Baidu is China's largest search site. Security researchers are pointing to an attack on its DNS registrar as the source of yesterday's's outage. See The New York Times: ‘Iranian Cyber Army’ Strikes Chinese Site:
Less than a month after a group calling itself the “Iranian Cyber Army” attacked Twitter, users of China’s most popular search engine, Baidu, were redirected on Tuesday morning to a Web page displaying a message claiming that the same group had blocked access to that site as well.
China’s official news agency, Xinhua, reported:
Internet users attempting to open the site were greeted with a graphic stating that the site had been attacked by the Iranian Cyber Army. According to a report on the People’s Daily website, hackers changed Baidu’s DNS records, redirecting traffic to another site. As the BBC explained, “DNS records are like a telephone book, converting Web site names like baidu.com into a sequence of numbers understandable by the Internet.”
The security firm Praetorian Prefect details the DNS attack on their site:
A group called the Iranian Cyber Army has, fresh off the heels of their DNS attack on Twitter last month, hijacked the domain of Chinese search engine Baidu.com. Baidu is one of the most popular web sites in the world, a NASDAQ 100 multimedia company headquartered in Beijing that indexes over 740 million web pages for search and provides music and video content.
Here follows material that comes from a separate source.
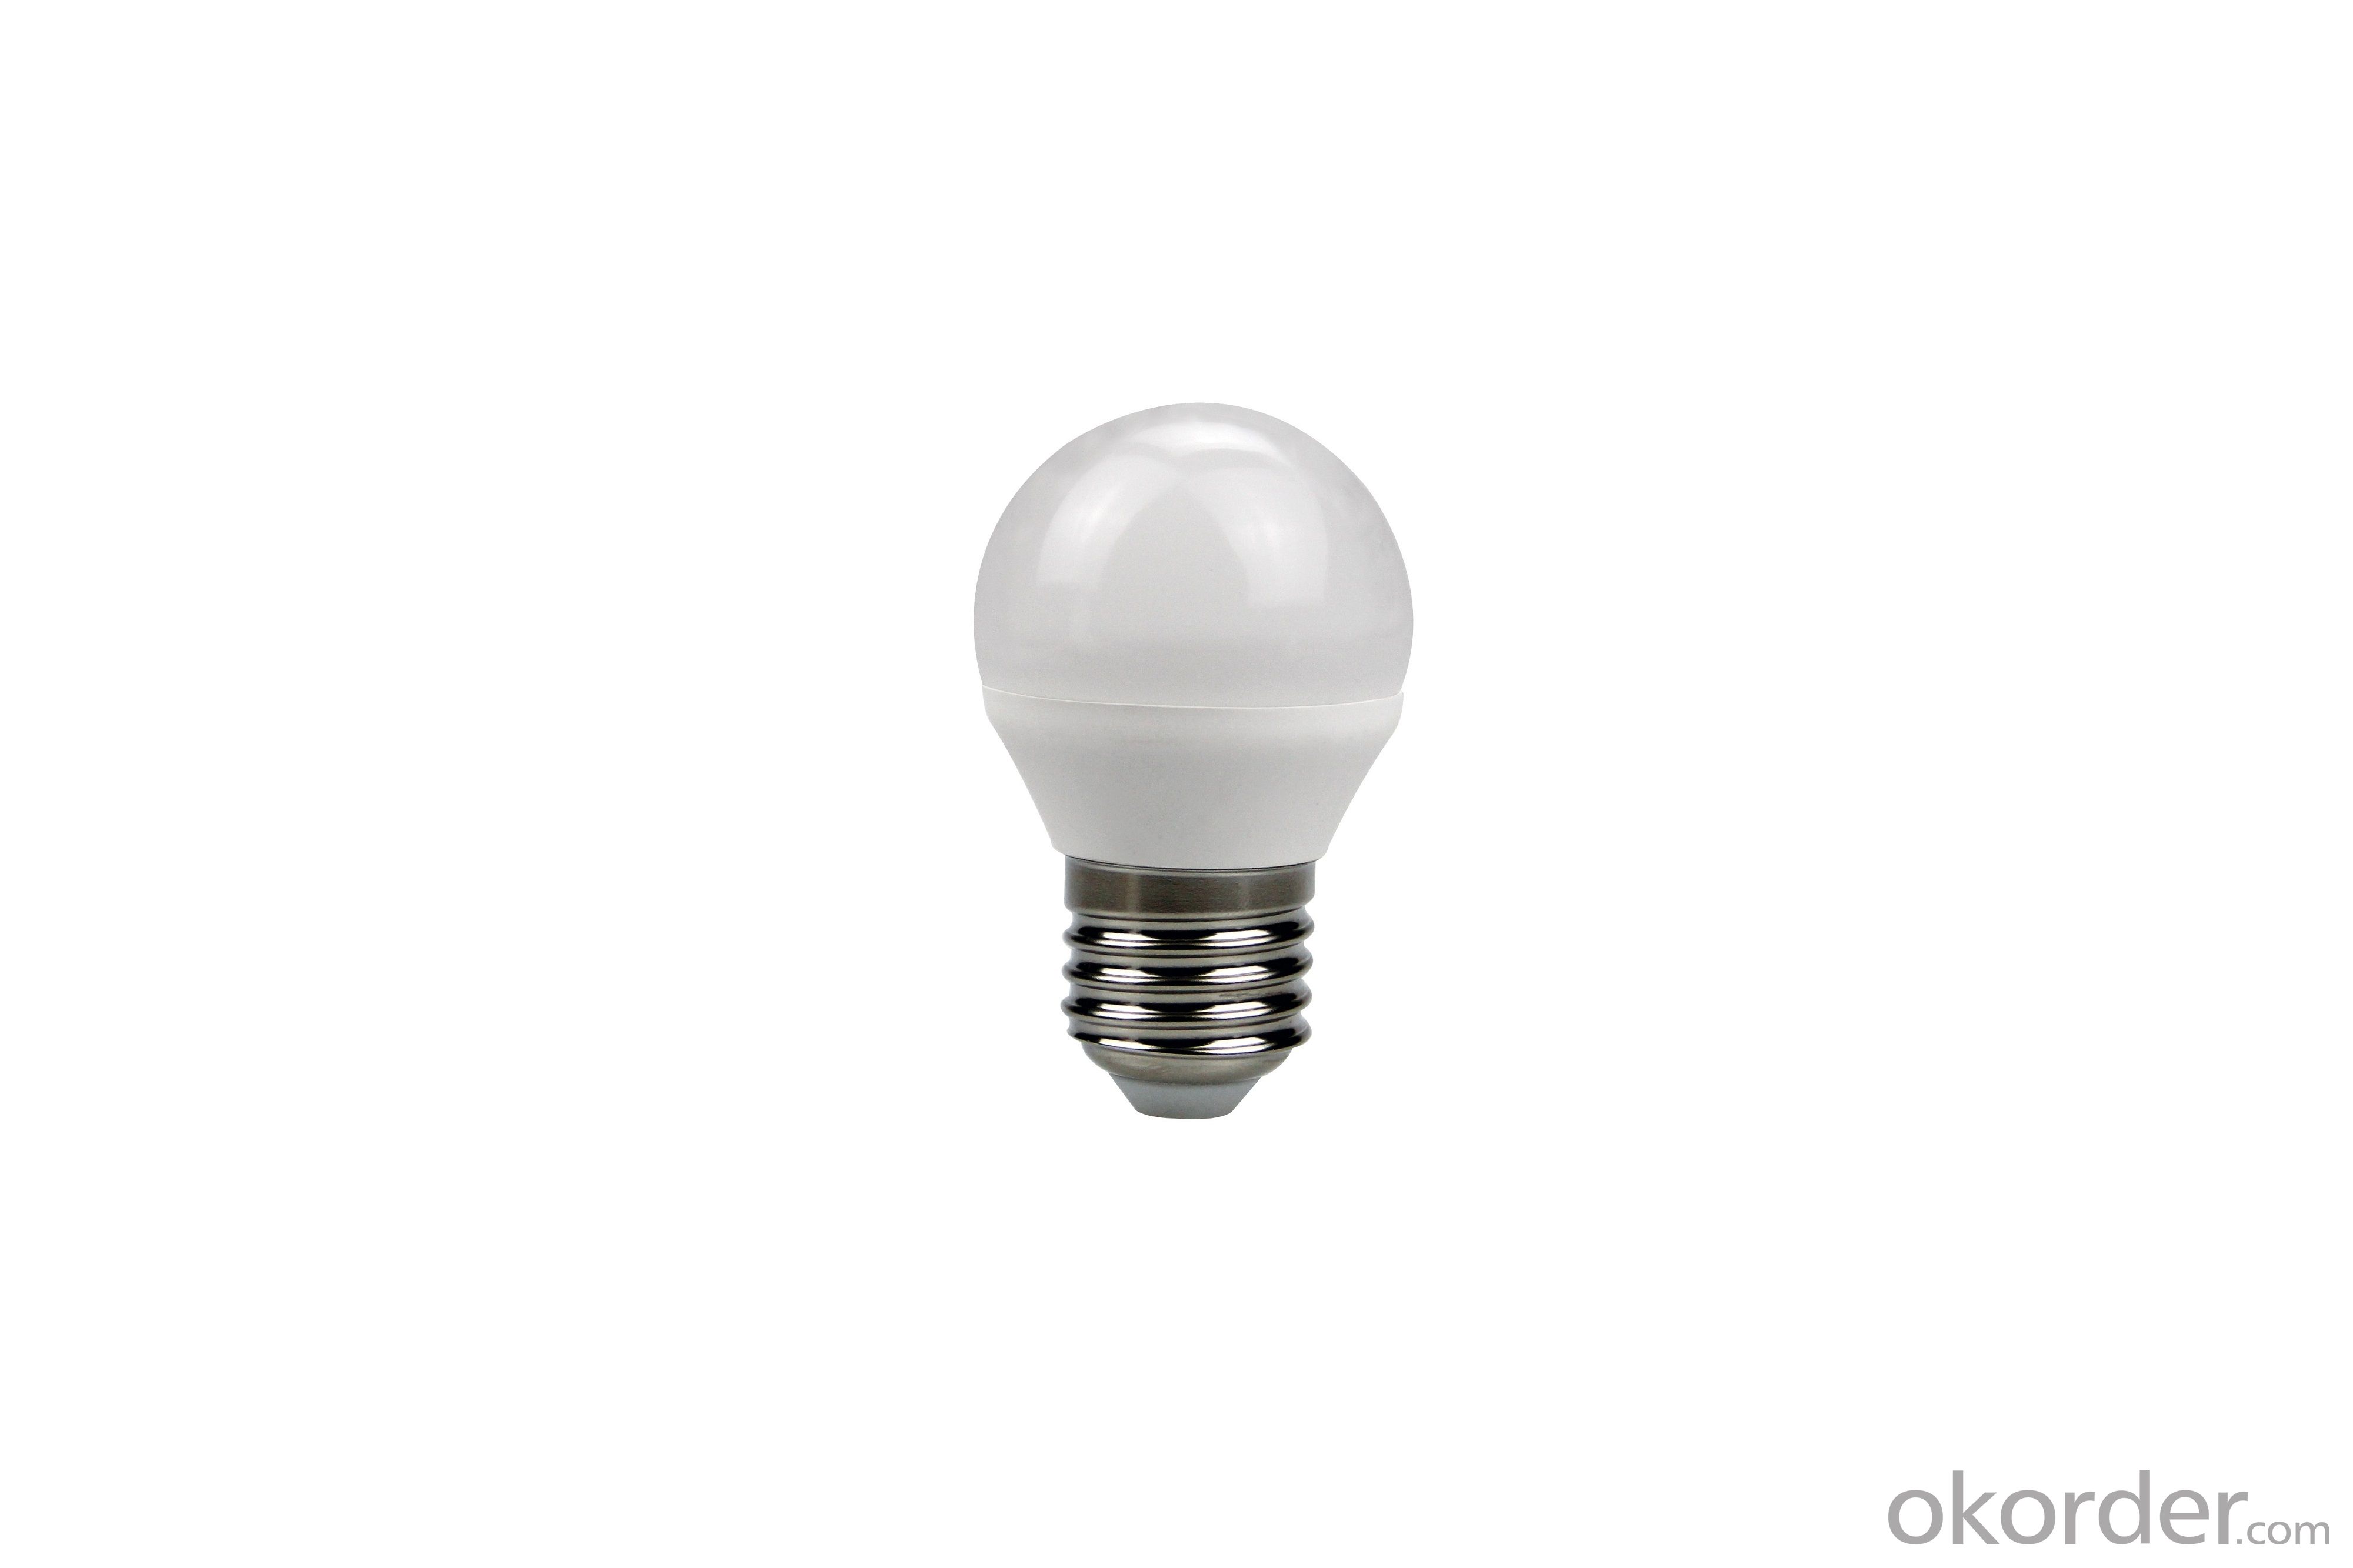 LED Bulb Light E14 B45 9W Lumen Non Dimmable real-time quotes, last-sale prices -Okorder.com
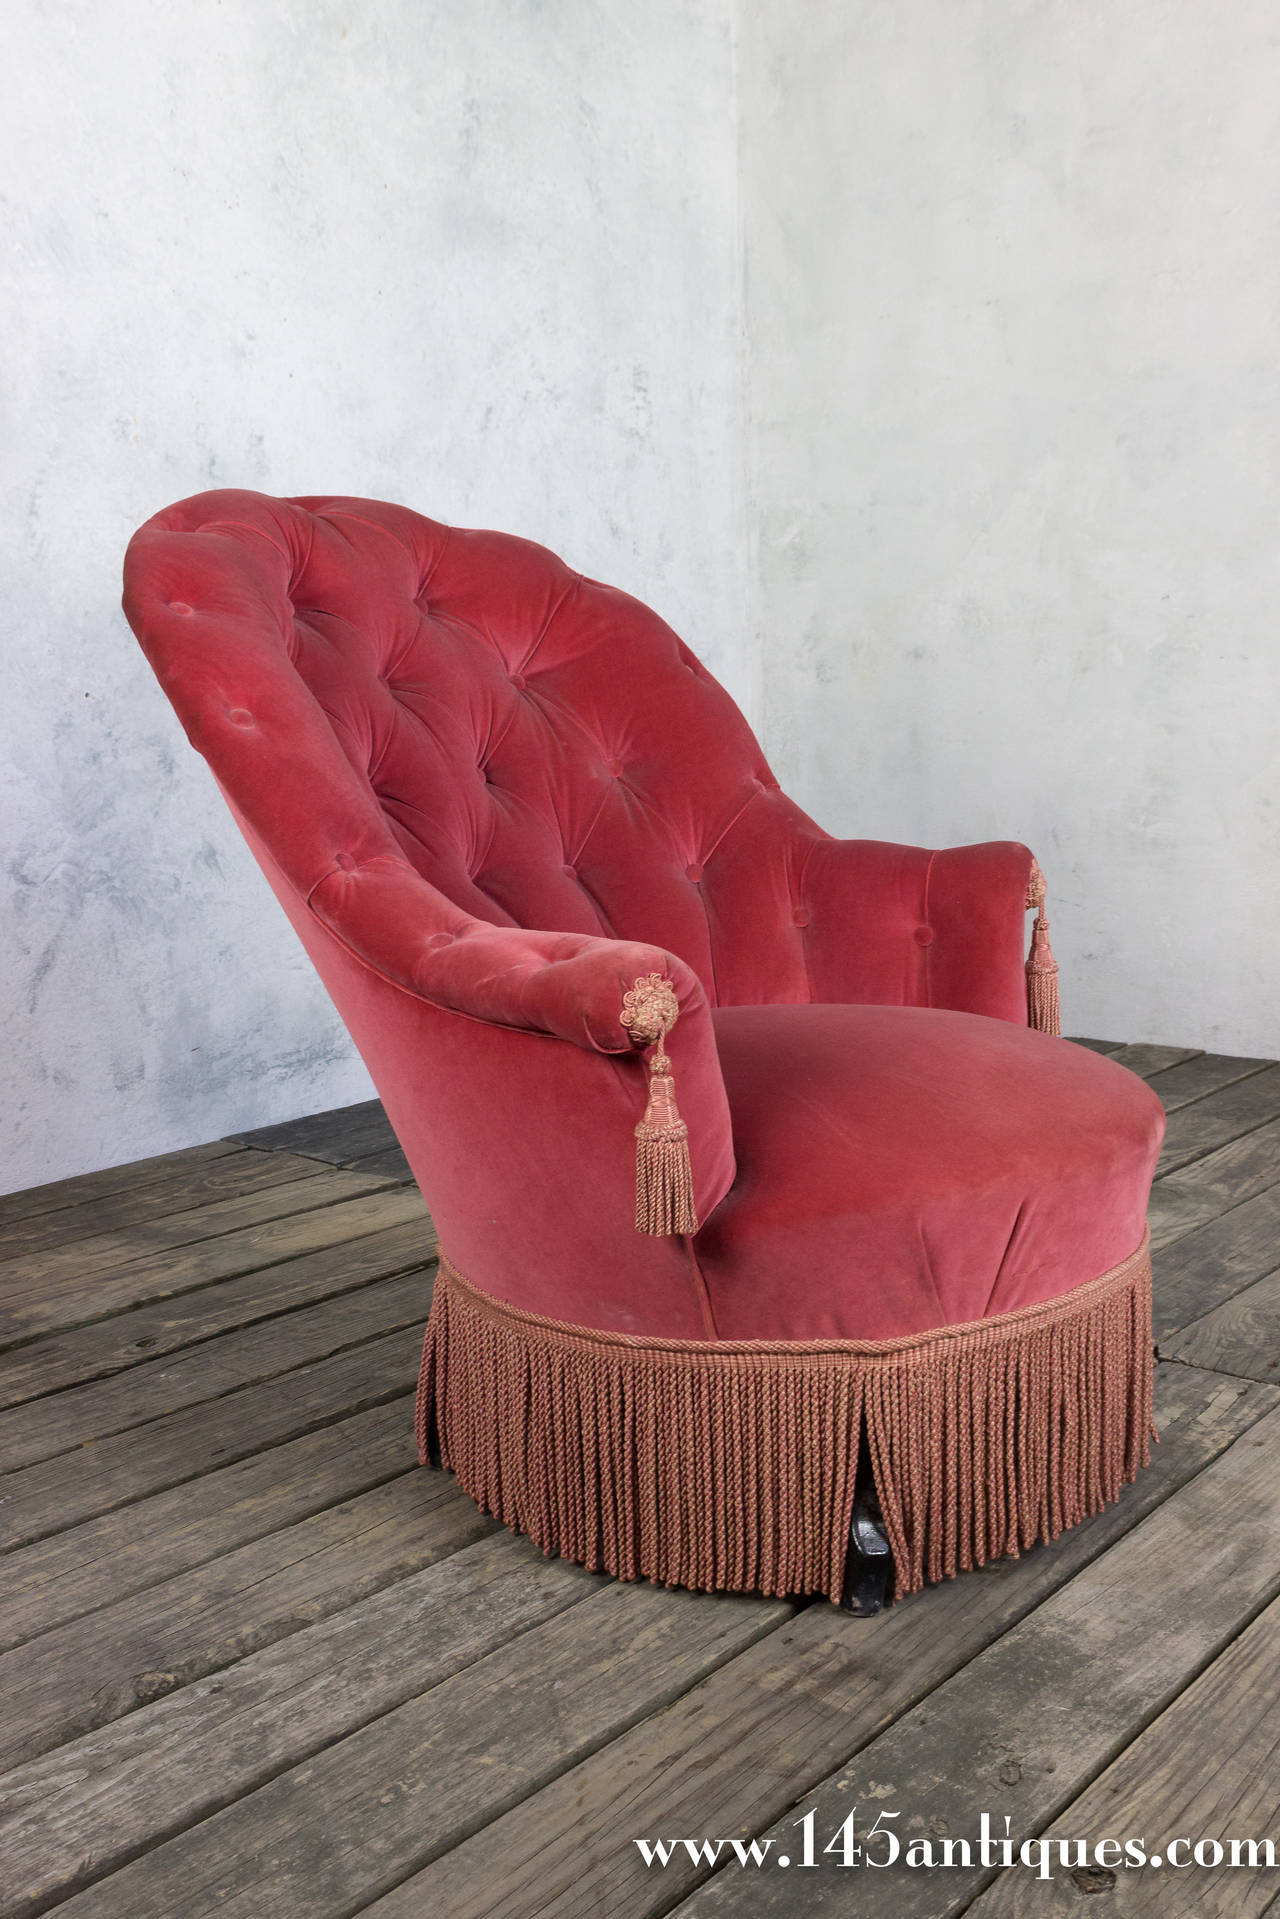 French Napoleon III style tufted armchair with a curved back. The chair has a great pitch making this an extremely comfortable chair. Upholstered in rose colored velvet with matching bouillon fringe.

The company employs over 6,000 people, has a 77% market share for search in China, and has annual revenue of about $200mm. For about three hours they were an advertising platform for a hacktivist group supporting the fundamentalist Islamic regime in Iran.
Baidu is a big company and this attack appears to have been accomplished through vulnerabilities in the United States. I can't quantify the financial or disruptive impact on Baidu or those who depend on it for search but it is not trivial.
This attack highlights the continuing worldwide vulnerability to DNS attacks. No matter how secure or reliable a web site, email system or VoIP system may be, it is still dependent upon the DNS to direct you to the proper site. If the DNS directs you to another site, you presently (without DNSSEC to provide authentication) have no way of knowing that the site is fake.
In this case the perpetrators wanted you to know the site was fake - but imagine if they took you to a fake search engine site that further directed you to sites that downloaded malware or logged your passwords or other credentials. This is called Cache Poisoning. It happens all the time and is the basis for a thriving crime business.